• **Work task**: Drop the images; return everything else in the listing below exactly.

_ _ _

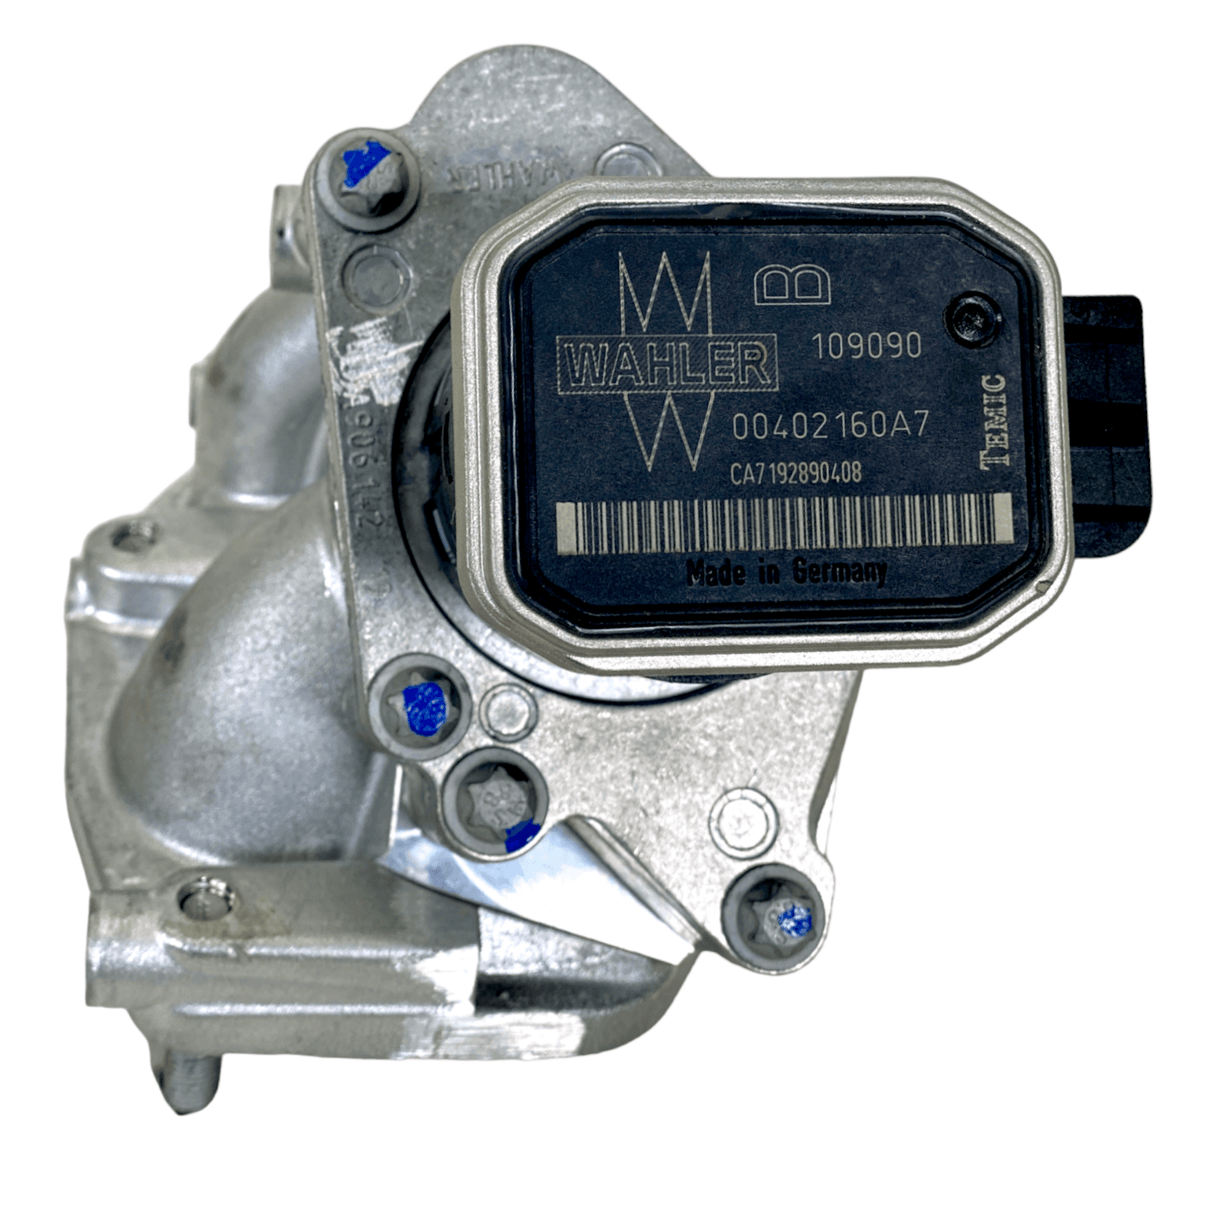 A9061420219 Genuine Detroit Diesel EGR Exhaust Gas Recirculation Valve.
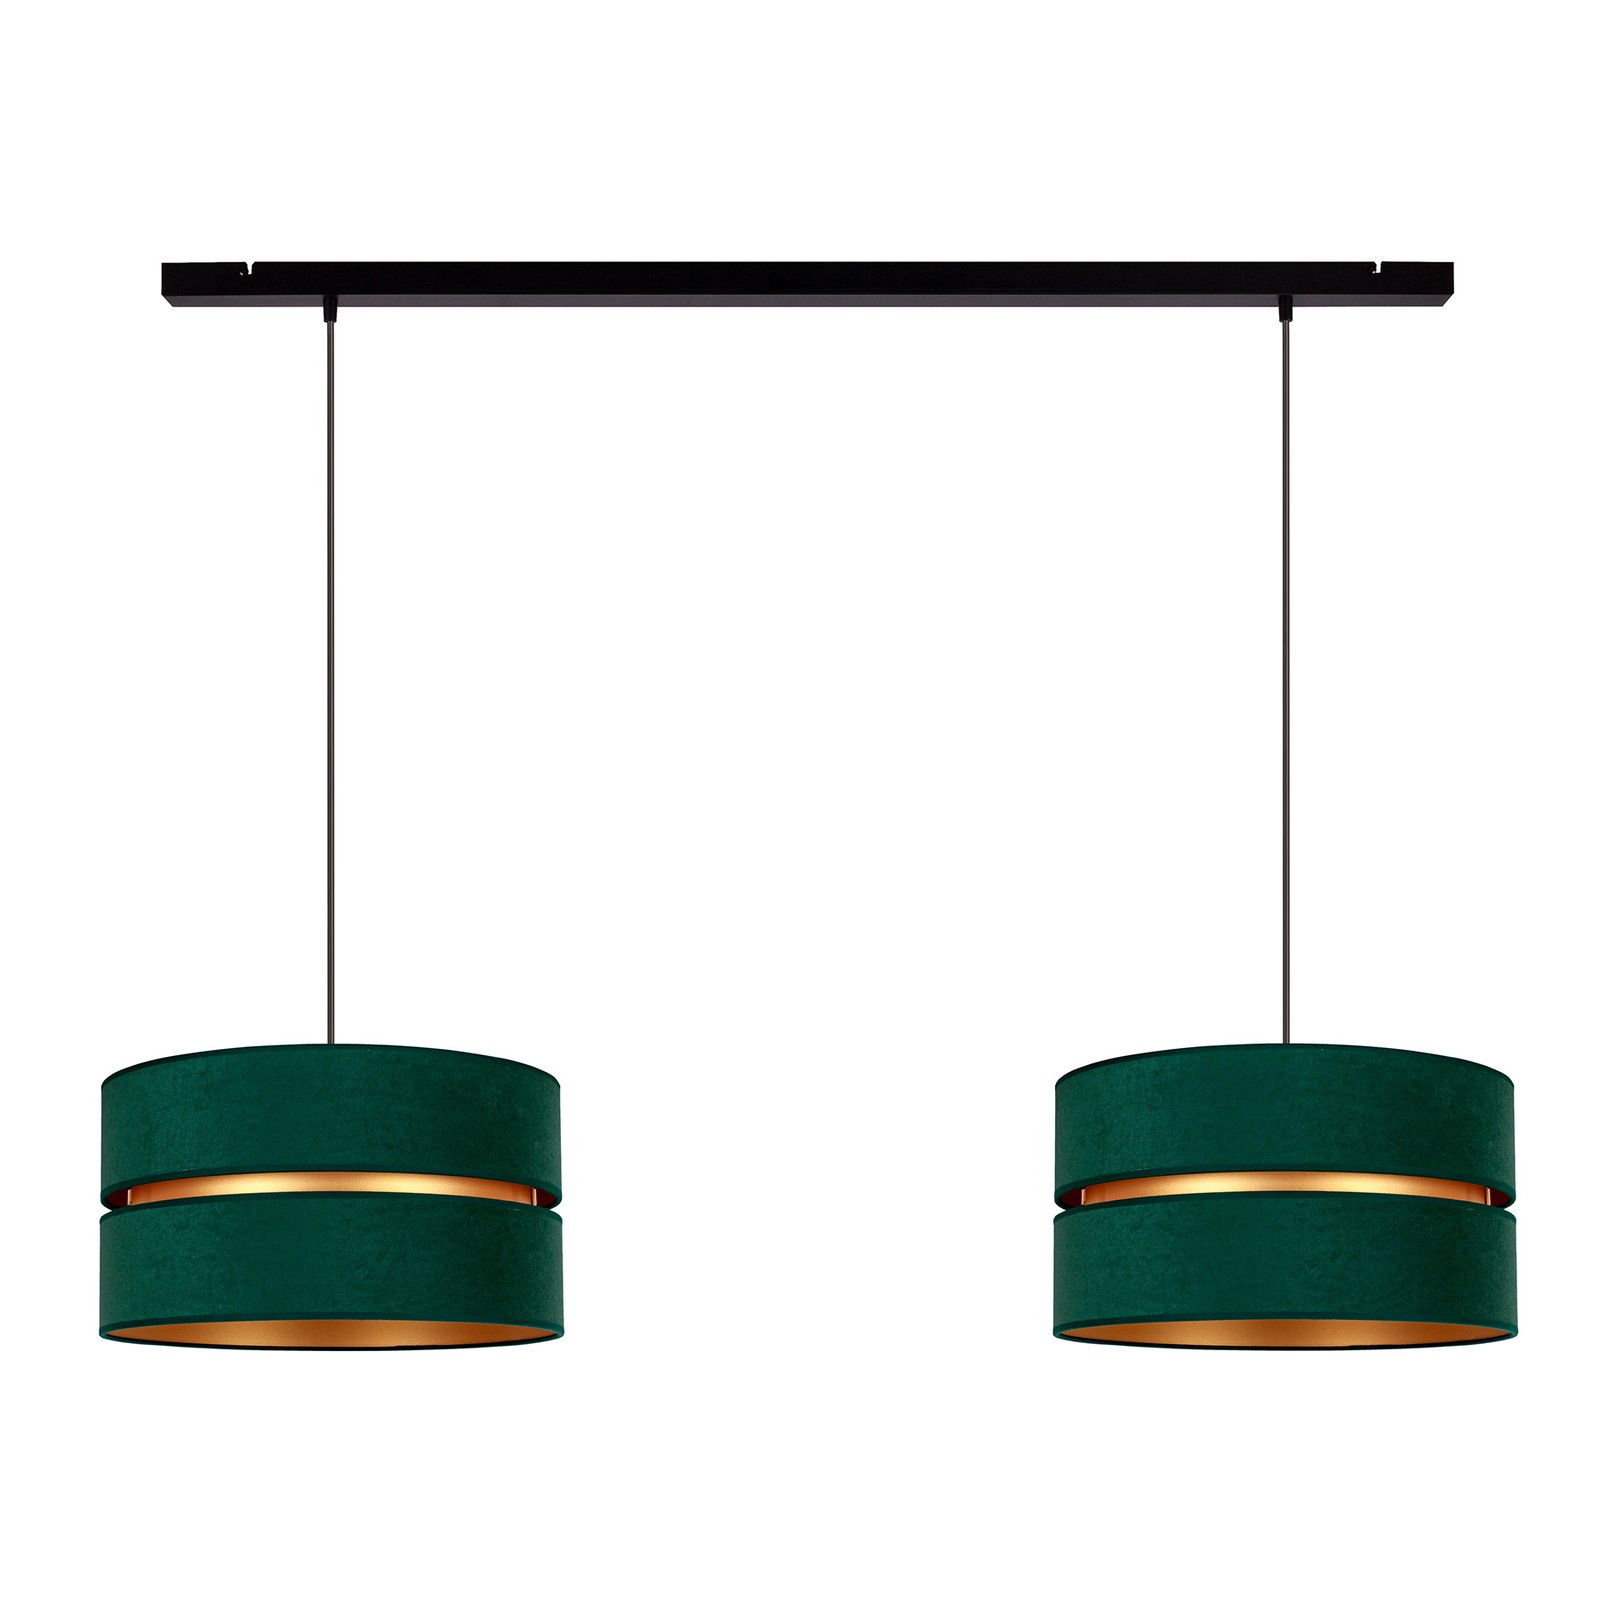 Hanglamp Duo, groen/goud, 2-lamps
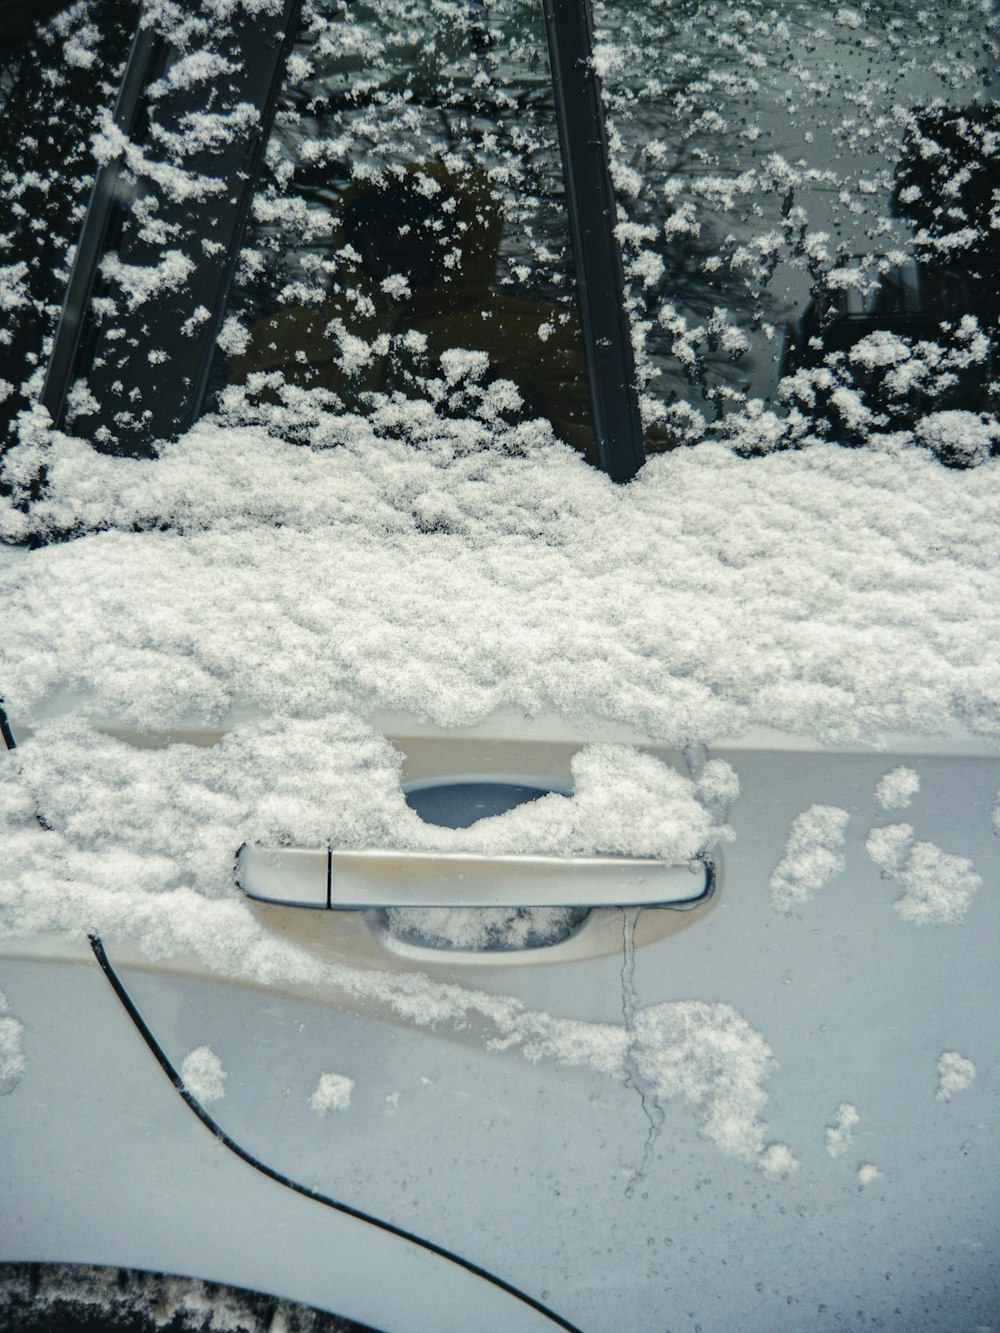 Un coche cubierto de nieve con una manija de puerta
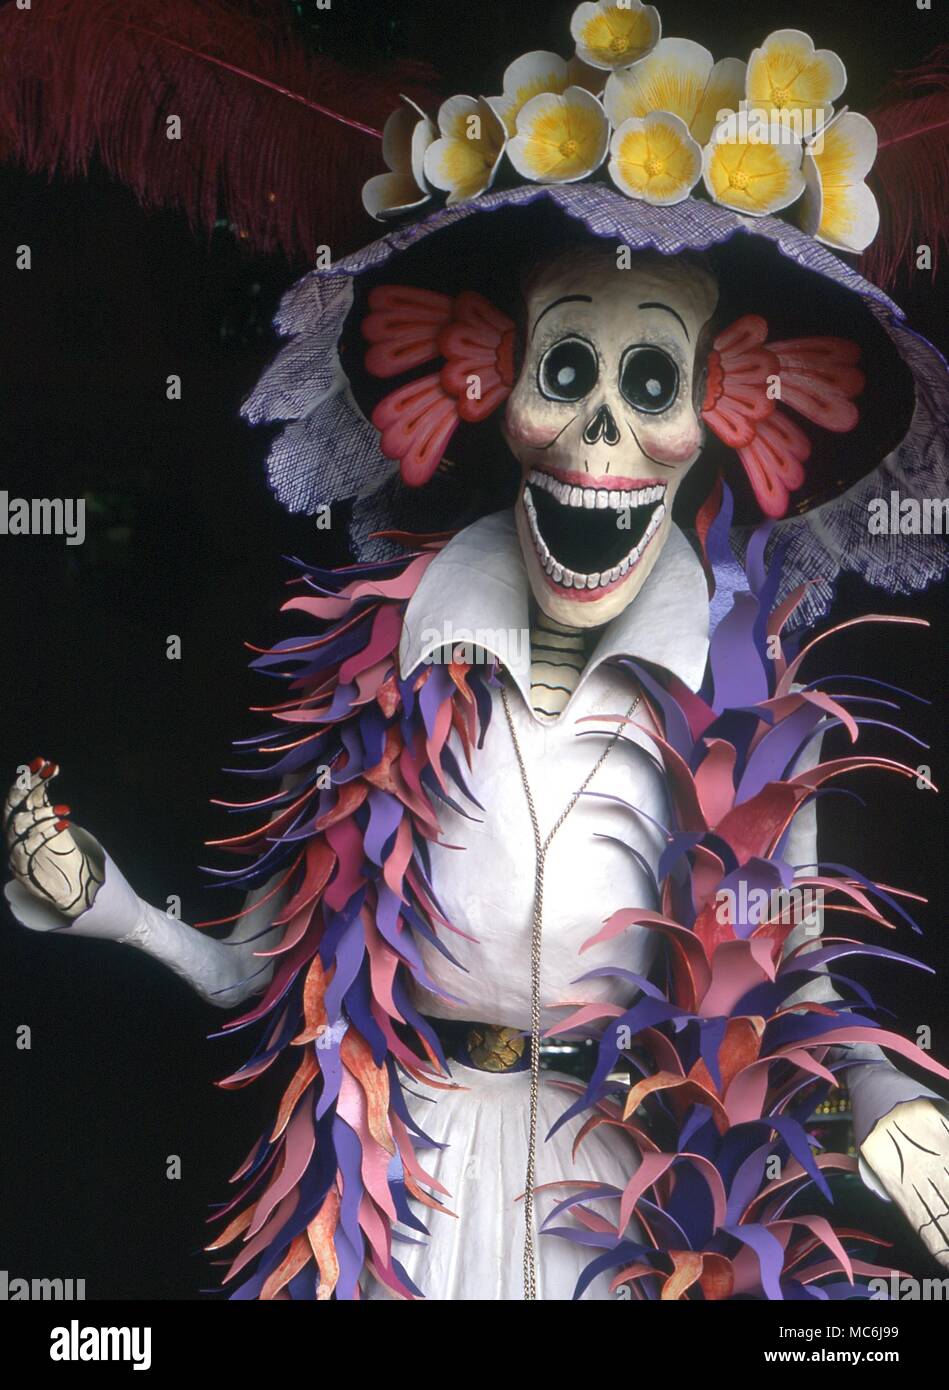 Décès - FESTIVAL DE LA MORT. Modèle d'un vêtu, fait pour célébrer l'important Festival des Morts au Mexique. photographié à Oaxaco Banque D'Images
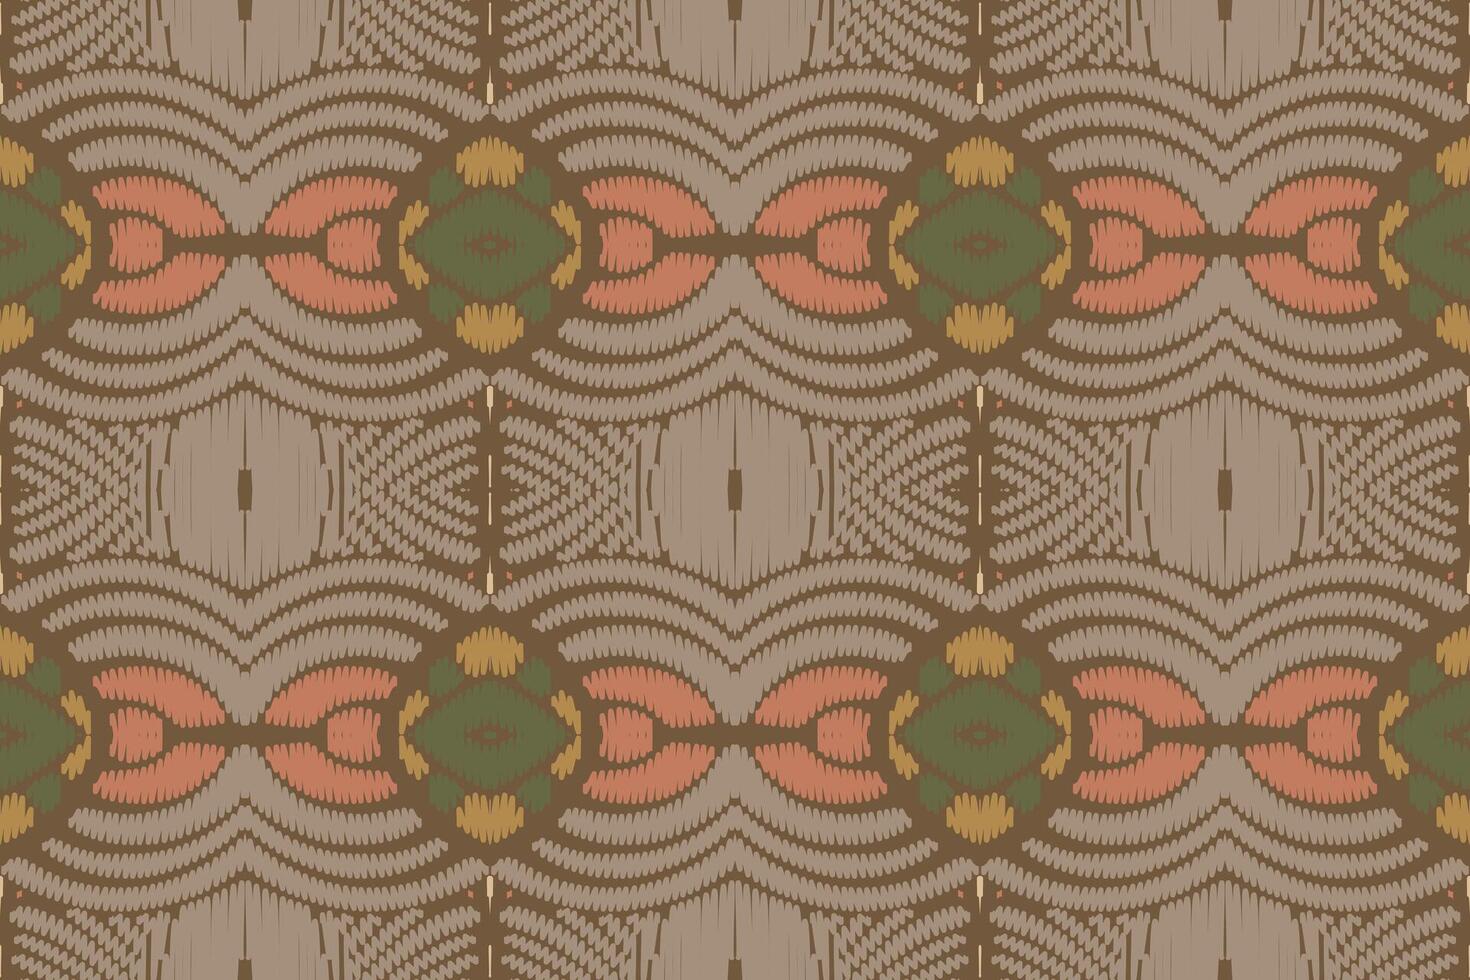 ikat entwirft nahtloses muster des stammeskreuzes. ethnische geometrische batik ikkat digitaler vektor textildesign für drucke stoff saree mughal pinsel symbol schwaden textur kurti kurtis kurtas

_ _ _

• **Result of the exercise**:
 A9061420219 Genuine Detroit Diesel EGR Exhaust Gas Recirculation Valve.
 Hanglamp Duo, groen/goud, 2-lamps
 Un coche cubierto de nieve con una manija de puerta
 Décès - FESTIVAL DE LA MORT. Modèle d'un vêtu, fait pour célébrer l'important Festival des Morts au Mexique. photographié à Oaxaco Banque D'Images
 ikat entwirft nahtloses muster des stammeskreuzes. ethnische geometrische batik ikkat digitaler vektor textildesign für drucke stoff saree mughal pinsel symbol schwaden textur kurti kurtis kurtas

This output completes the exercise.